Was it a static branch prediction hint? I know PowerPC has that. If so, could it have fixed by just flipping the hint bit?

userbinator 5 years ago
From the article:
Instead simple branch predictors typically squish together a bunch of address bits, maybe some branch history bits as well, and index into an array of two-bit entries. Thus, the branch predict result is affected by other, unrelated branches, leading to sometimes spurious predictions.
- ridiculous_fish 5 years ago
  
  Ahh thanks, shame on me for not reading to the end.
  
  1 reply →

mattst88 5 years ago

> And that was the problem – the branch predictor would sometimes cause xdcbt instructions to be speculatively executed and that was just as bad as really executing them. One of my coworkers (thanks Tracy!) suggested a clever test to verify this – replace every xdcbt in the game with a breakpoint. This achieved two things: > > 1. The breakpoints were not hit, thus proving that the game was not executing xdcbt instructions. > 2. The crashes went away.

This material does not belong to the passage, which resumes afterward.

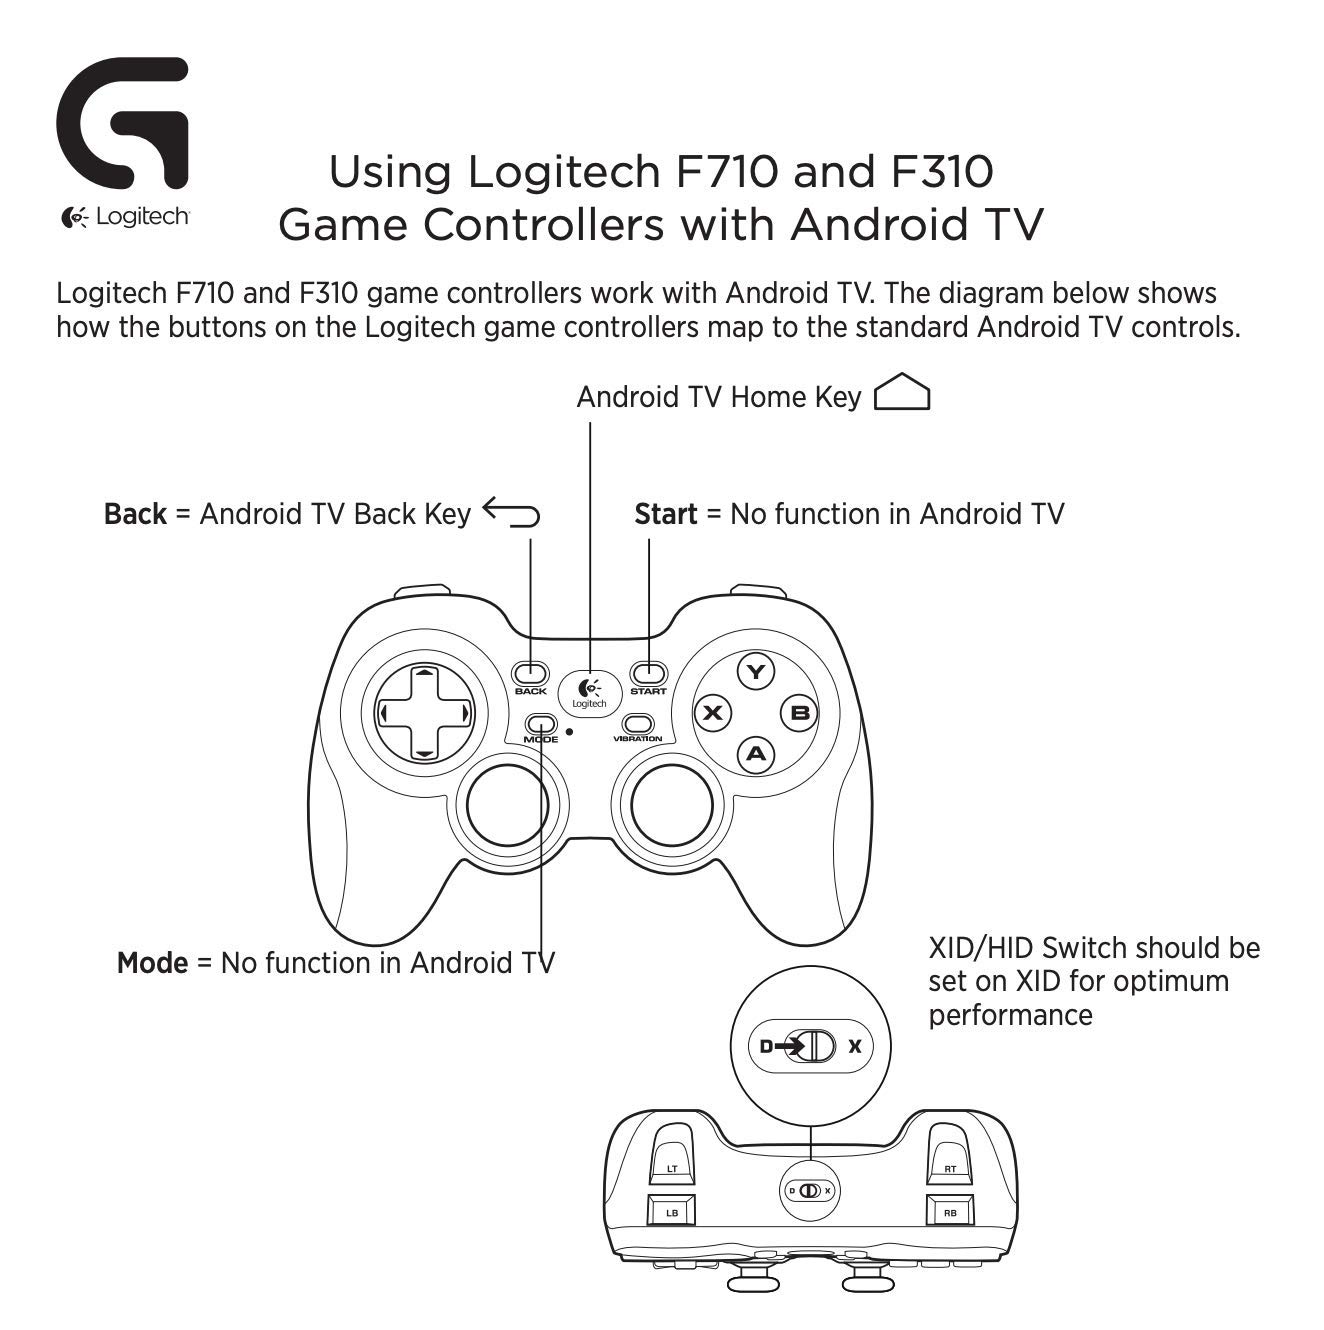  Logitech G F310 Wired Gamepad Controller Console Like Layout 4  Switch D-Pad PC - Blue/Black : Video Games

I love the simplicity and the genius behind this idea.

barbazoo 5 years ago

Would it be possible to tell the CPU not to apply branch prediction in this one case?

fulafel 5 years ago

There's a "branch hint" in PowerPC, I wonder if that's acted on by the Xenon CPU in question.
edit: it's discussed in the comments as well but they don't know either. The author responds: "I can’t remember how PowerPC branch hints work but if the branch hint overrode the branch predictor then it could have avoided the bug."
kmeisthax 5 years ago
No, because the branch predictor is just "on" or "off". You'd be wondering if you can make it not speculatively execute specific instructions. I'm going to infer from the article that there wasn't a way to do that and it was far too late to spin a new CPU revision to prohibit speculatively executed xdcbt.
- anarazel 5 years ago
  
  I assume one could have put a serializing instruction inside the "dangerous" path, which should then lead to the speculative execution path being rolled back before reaching the dangerous instruction. Obviously it'd also be expensive...
  
  3 replies →
netr0ute 5 years ago

You probably could have done the equivalent if it were IA-64, but I suspect you can't do this with plain old branch-prediction mechanisms.